## Task objective
Please restate exactly the lines of the data below, beginning with the line containing "Textured Zipper Jacket With Stand Collar" and ending with the last line.

[Records from a data source]
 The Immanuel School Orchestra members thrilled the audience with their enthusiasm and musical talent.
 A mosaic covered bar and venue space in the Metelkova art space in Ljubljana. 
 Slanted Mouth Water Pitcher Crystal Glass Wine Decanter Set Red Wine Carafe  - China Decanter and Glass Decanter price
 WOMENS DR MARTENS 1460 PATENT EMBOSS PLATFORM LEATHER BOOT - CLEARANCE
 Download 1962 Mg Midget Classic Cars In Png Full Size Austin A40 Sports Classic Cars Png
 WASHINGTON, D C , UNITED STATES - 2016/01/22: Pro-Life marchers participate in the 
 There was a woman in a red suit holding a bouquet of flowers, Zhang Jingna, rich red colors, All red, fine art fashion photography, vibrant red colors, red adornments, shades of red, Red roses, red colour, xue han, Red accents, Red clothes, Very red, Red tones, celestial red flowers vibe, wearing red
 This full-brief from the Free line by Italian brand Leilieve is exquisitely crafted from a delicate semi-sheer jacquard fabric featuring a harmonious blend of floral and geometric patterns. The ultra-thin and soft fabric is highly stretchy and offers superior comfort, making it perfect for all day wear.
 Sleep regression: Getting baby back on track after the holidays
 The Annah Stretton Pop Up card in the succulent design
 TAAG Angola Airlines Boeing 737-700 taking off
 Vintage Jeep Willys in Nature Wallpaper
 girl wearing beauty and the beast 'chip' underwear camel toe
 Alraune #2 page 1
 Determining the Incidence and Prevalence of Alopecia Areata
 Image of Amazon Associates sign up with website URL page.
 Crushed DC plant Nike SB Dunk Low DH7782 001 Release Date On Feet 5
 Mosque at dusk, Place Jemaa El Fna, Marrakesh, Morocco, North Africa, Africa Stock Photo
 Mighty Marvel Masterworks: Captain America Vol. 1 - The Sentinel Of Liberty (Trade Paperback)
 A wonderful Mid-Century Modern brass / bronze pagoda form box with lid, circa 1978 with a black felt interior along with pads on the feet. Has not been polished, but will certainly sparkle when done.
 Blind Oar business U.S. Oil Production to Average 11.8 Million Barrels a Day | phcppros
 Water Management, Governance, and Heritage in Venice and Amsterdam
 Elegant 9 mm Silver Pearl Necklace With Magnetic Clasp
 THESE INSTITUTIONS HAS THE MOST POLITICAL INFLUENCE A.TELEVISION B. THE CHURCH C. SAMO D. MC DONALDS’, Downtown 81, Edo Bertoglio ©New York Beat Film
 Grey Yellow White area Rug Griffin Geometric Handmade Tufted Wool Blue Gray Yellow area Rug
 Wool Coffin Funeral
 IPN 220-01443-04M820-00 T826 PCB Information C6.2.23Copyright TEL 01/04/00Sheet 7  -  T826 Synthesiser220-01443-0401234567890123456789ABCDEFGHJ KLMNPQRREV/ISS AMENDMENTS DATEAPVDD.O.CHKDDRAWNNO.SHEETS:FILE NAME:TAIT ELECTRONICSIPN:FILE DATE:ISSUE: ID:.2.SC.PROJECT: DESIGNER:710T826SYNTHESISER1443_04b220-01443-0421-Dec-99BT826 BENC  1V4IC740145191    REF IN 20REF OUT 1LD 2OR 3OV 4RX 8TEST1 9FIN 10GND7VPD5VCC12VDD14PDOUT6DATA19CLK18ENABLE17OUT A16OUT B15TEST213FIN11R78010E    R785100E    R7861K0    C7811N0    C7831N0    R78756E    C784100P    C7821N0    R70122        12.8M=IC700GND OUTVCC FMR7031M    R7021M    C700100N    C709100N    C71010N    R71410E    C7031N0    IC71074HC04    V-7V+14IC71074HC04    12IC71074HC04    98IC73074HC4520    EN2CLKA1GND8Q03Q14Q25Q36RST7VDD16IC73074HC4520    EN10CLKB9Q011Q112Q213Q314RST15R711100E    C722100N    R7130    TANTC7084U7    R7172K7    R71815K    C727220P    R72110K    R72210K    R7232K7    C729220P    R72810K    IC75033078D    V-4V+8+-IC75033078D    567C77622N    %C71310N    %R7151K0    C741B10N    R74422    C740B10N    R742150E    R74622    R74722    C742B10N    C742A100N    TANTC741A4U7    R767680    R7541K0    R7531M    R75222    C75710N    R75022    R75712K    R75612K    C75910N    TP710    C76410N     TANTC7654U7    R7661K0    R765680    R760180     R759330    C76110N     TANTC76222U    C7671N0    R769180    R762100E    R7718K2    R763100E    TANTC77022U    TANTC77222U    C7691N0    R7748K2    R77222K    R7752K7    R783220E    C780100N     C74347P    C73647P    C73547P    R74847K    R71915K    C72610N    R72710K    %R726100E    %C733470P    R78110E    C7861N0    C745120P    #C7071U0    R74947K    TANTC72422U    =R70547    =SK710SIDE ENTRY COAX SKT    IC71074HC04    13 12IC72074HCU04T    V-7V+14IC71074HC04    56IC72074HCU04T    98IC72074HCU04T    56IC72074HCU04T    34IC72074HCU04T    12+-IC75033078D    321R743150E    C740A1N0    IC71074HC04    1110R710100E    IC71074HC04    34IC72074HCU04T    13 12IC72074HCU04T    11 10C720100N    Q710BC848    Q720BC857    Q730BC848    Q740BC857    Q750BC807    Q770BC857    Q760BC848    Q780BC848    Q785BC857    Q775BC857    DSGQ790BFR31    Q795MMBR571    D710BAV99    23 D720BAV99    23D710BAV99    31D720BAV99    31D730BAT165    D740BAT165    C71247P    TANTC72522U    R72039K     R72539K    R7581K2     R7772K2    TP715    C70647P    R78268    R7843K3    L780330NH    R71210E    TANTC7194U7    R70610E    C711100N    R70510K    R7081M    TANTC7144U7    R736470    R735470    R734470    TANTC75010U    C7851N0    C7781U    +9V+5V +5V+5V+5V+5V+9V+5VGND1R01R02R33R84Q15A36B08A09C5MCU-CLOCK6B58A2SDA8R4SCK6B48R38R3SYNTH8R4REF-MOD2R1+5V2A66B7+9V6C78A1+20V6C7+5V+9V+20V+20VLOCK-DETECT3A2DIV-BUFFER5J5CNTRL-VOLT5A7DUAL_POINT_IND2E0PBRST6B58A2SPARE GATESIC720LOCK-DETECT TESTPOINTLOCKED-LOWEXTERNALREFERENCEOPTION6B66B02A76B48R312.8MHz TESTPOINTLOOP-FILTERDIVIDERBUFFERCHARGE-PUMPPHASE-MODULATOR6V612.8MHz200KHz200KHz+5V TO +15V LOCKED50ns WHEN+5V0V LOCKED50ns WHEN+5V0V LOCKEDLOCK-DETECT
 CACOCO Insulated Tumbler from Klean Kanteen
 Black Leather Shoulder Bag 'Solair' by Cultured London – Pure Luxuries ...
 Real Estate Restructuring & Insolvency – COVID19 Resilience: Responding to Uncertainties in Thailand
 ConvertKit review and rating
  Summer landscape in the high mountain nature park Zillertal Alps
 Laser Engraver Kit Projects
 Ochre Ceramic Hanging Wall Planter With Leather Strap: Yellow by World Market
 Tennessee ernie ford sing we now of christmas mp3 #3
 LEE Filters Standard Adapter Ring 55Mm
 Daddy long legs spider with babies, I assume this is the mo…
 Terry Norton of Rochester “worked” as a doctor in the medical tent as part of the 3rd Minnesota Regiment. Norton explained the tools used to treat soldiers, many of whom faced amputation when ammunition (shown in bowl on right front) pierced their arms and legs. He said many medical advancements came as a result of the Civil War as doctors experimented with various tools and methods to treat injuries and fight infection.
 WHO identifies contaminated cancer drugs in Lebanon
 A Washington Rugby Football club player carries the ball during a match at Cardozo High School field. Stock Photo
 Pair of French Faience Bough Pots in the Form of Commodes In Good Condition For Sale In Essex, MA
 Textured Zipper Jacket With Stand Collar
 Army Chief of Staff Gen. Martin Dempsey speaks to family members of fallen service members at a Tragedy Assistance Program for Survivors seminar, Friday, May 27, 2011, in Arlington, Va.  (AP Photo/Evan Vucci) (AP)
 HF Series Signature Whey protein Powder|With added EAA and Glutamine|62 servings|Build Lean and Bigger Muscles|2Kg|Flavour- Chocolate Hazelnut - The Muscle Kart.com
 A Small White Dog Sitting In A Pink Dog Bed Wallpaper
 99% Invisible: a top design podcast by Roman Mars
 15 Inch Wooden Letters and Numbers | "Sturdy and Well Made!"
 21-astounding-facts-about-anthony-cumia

## Task answer
 Textured Zipper Jacket With Stand Collar
 Army Chief of Staff Gen. Martin Dempsey speaks to family members of fallen service members at a Tragedy Assistance Program for Survivors seminar, Friday, May 27, 2011, in Arlington, Va.  (AP Photo/Evan Vucci) (AP)
 HF Series Signature Whey protein Powder|With added EAA and Glutamine|62 servings|Build Lean and Bigger Muscles|2Kg|Flavour- Chocolate Hazelnut - The Muscle Kart.com
 A Small White Dog Sitting In A Pink Dog Bed Wallpaper
 99% Invisible: a top design podcast by Roman Mars
 15 Inch Wooden Letters and Numbers | "Sturdy and Well Made!"
 21-astounding-facts-about-anthony-cumia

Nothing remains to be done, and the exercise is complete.